START Given data

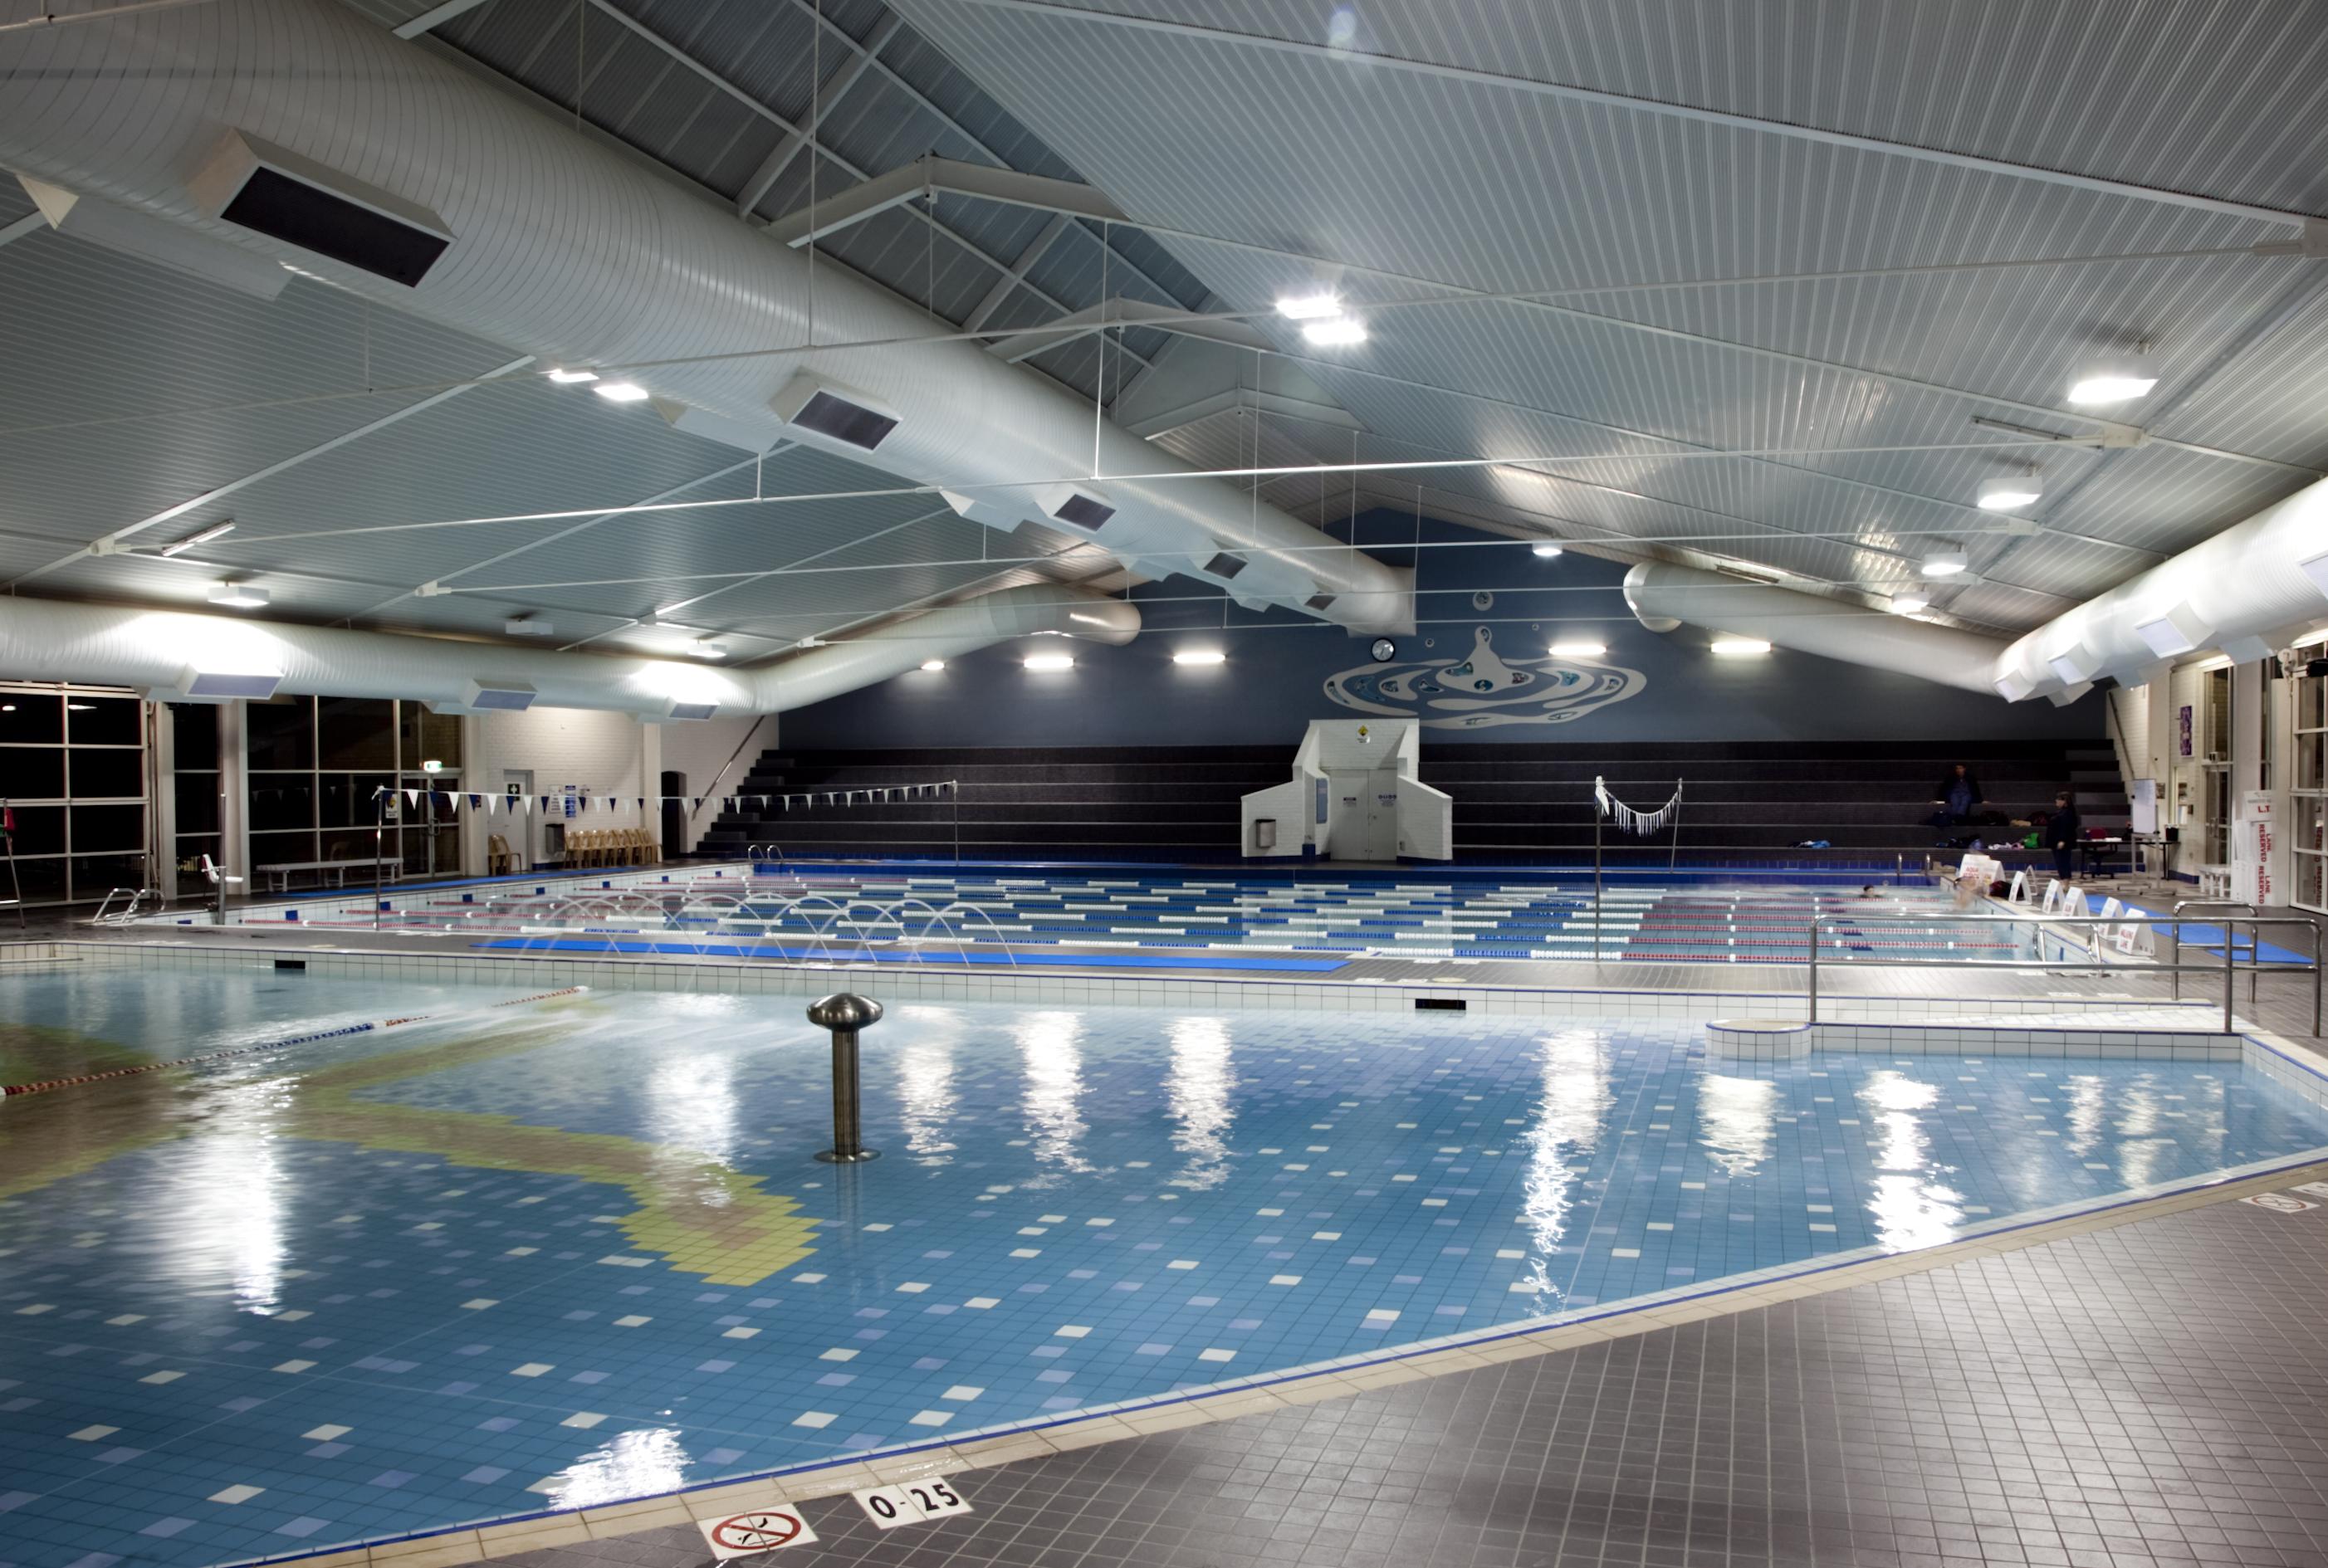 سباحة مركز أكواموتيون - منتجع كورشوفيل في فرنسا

END Given data
START Given data

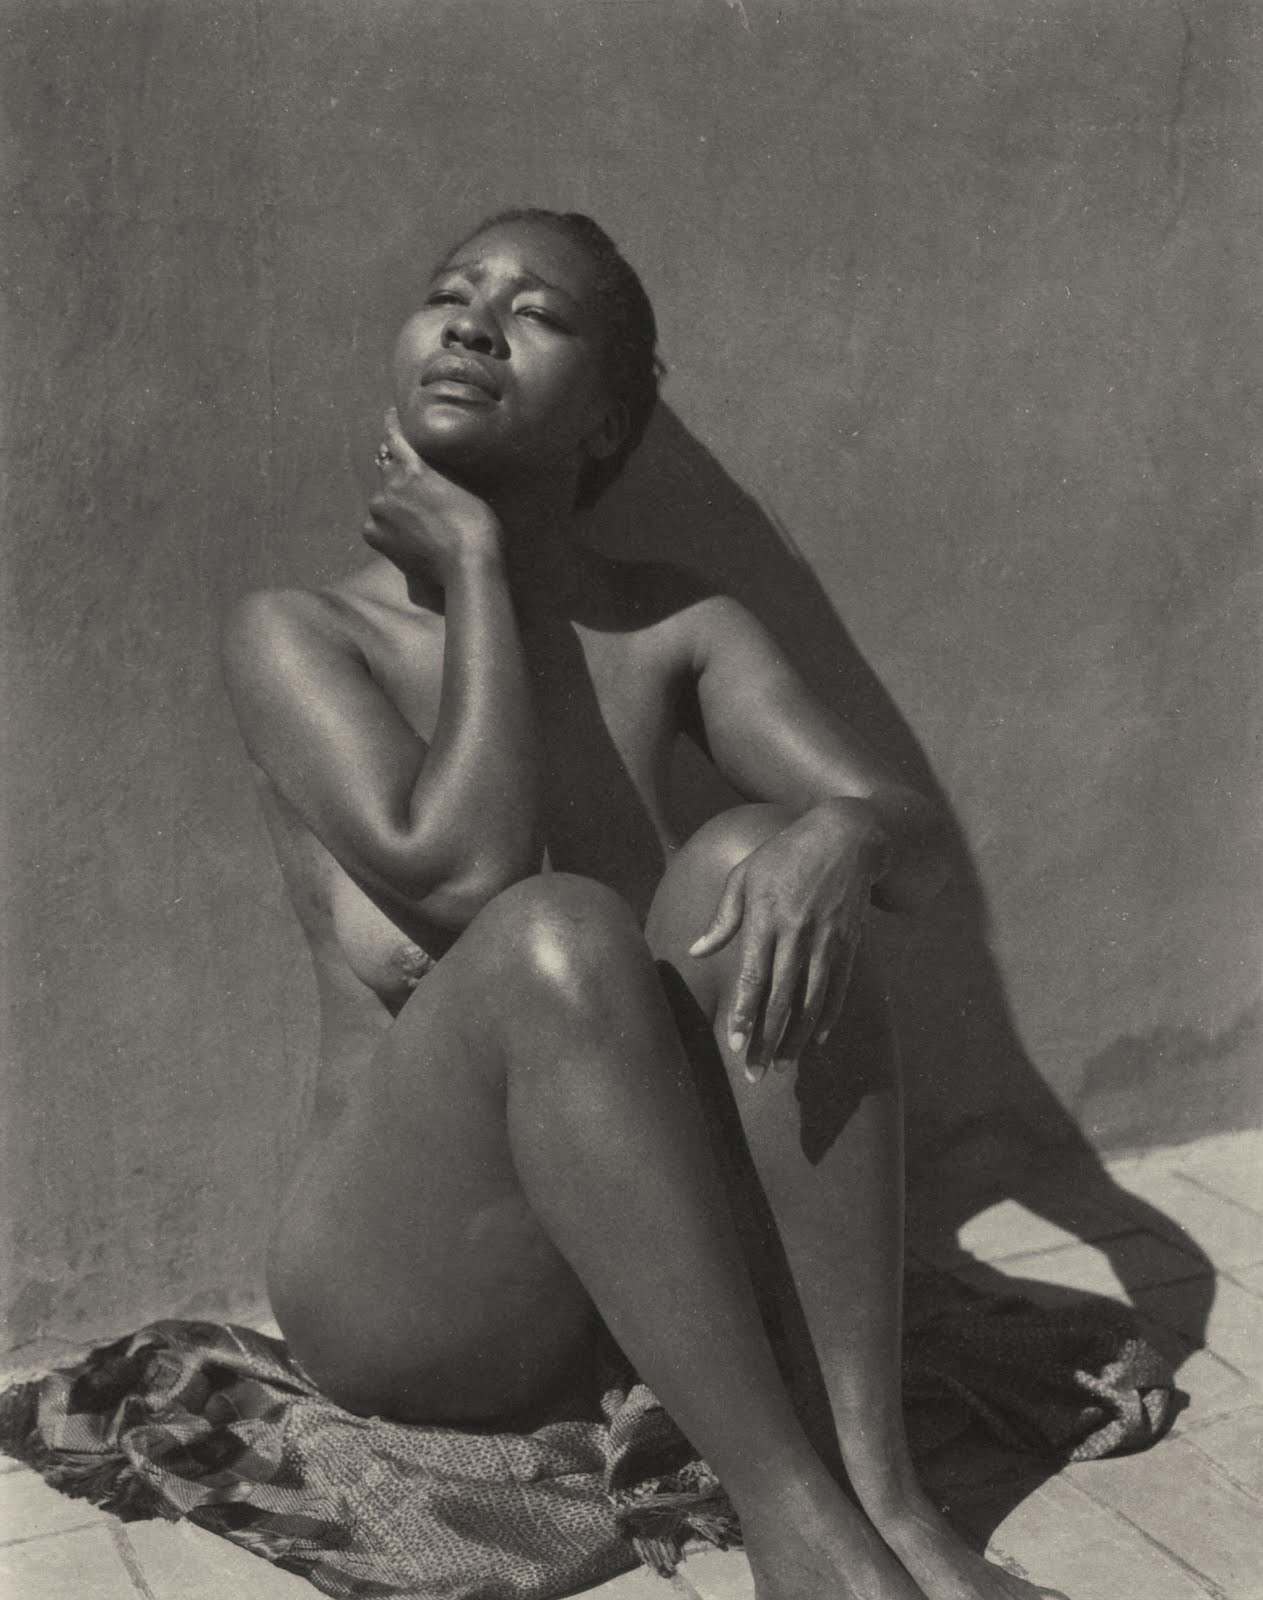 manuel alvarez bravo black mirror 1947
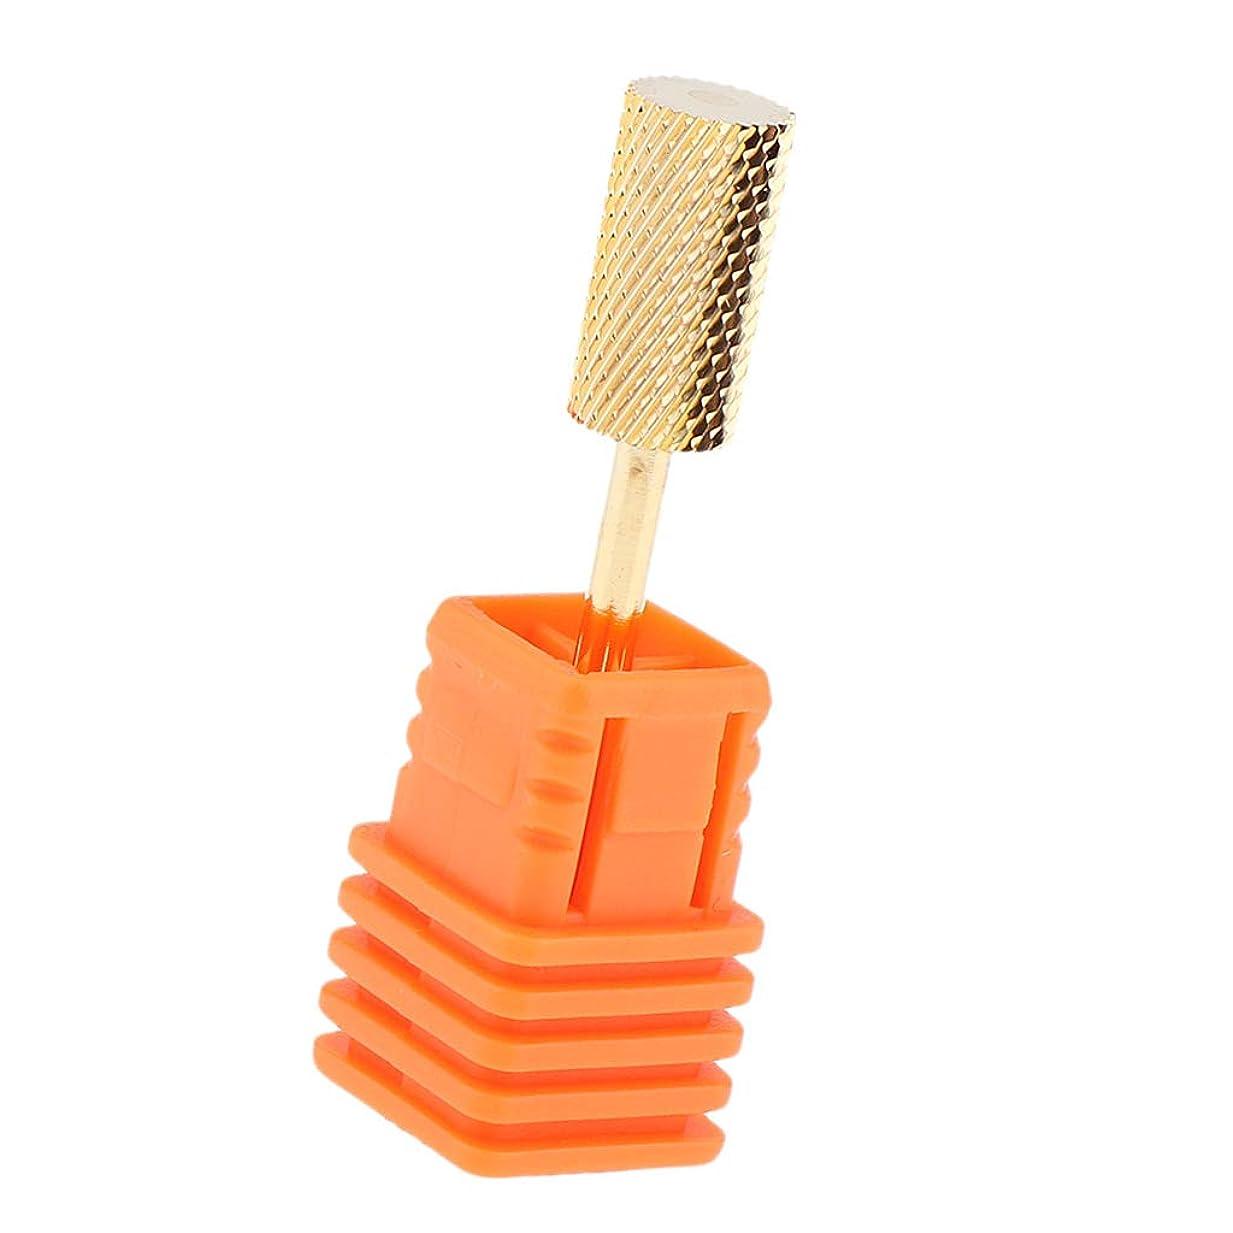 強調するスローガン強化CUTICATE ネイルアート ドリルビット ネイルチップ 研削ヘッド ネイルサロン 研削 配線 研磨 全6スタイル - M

END Given data
START Given data

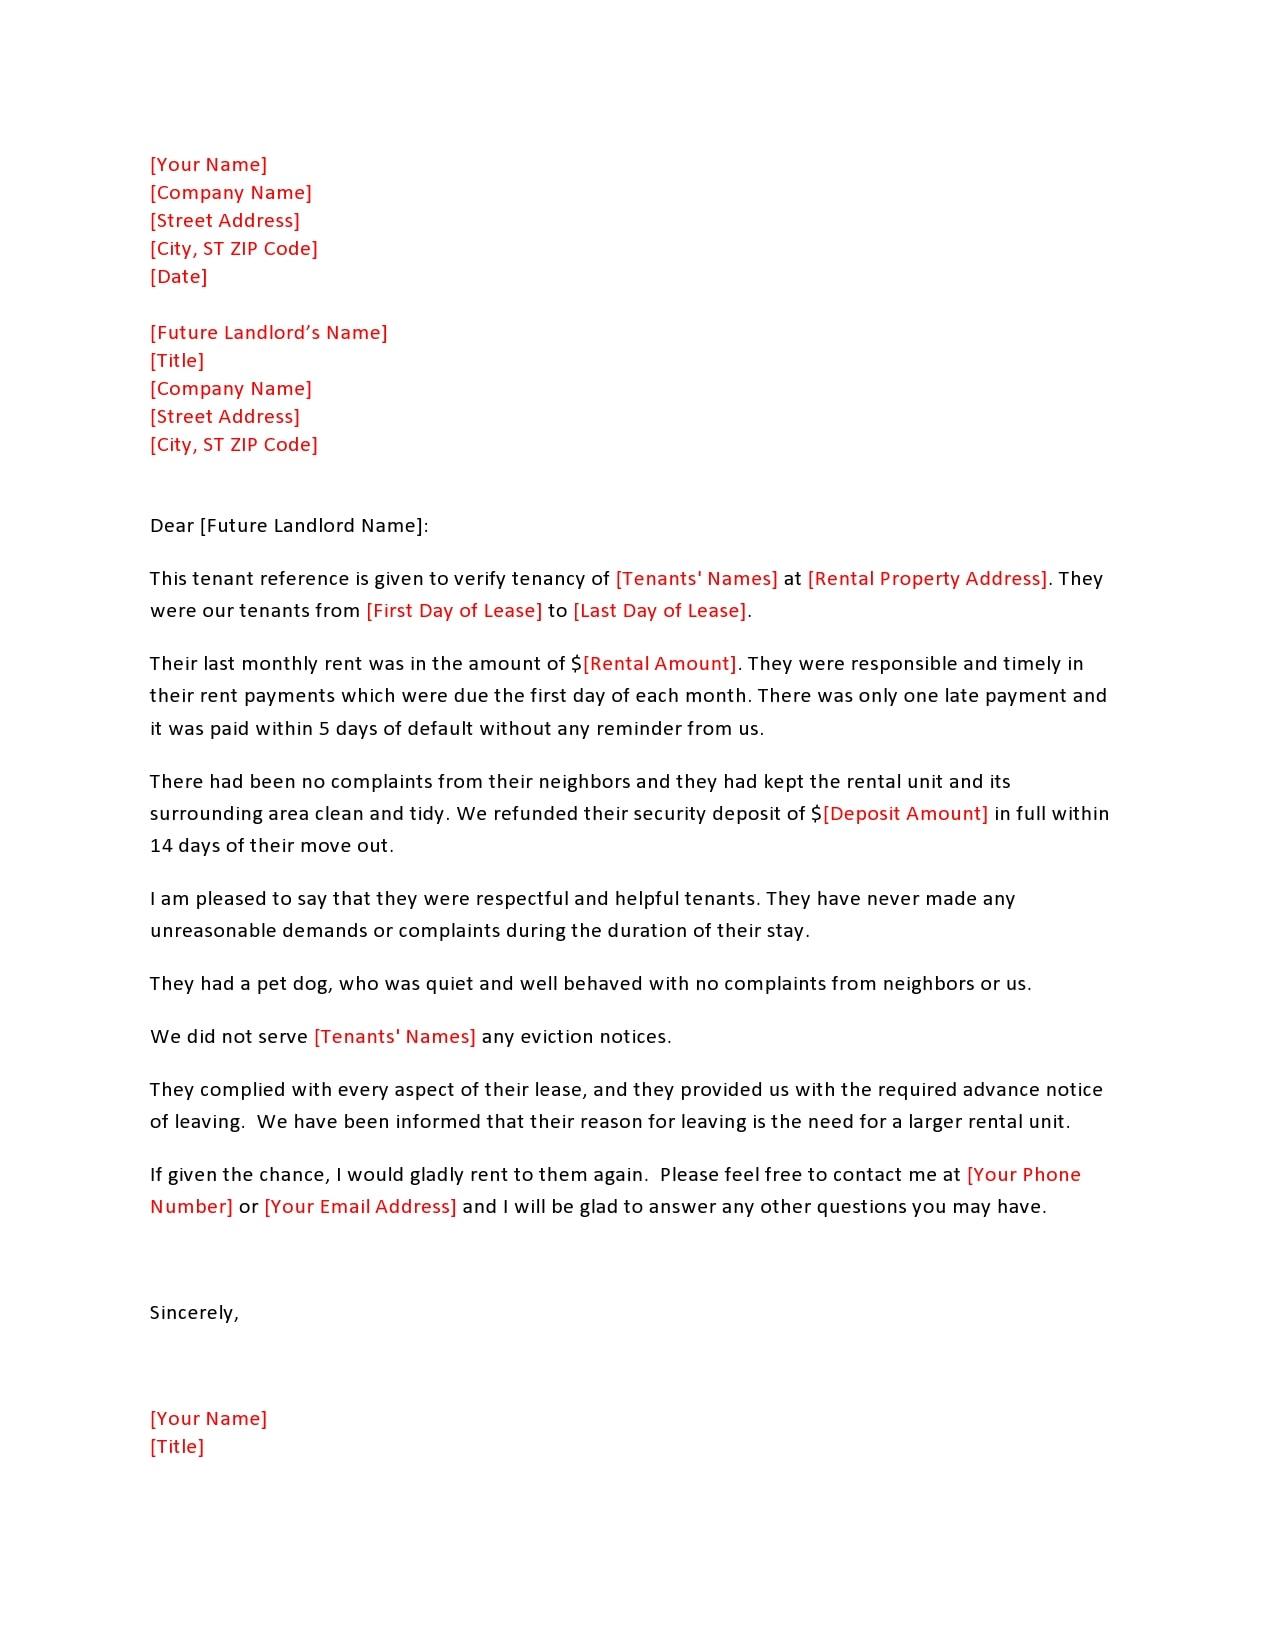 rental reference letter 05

END Given data

- Task requirements
Make an exact copy of the lines above, beginning with the line with "manuel alvarez bravo black mirror 1947" and ending with the line with "強調するスローガン強化CUTICATE ネイルアート ドリルビット", and keep the pictures out of it.

- Answer to the problem
 manuel alvarez bravo black mirror 1947
 強調するスローガン強化CUTICATE ネイルアート ドリルビット ネイルチップ 研削ヘッド ネイルサロン 研削 配線 研磨 全6スタイル - M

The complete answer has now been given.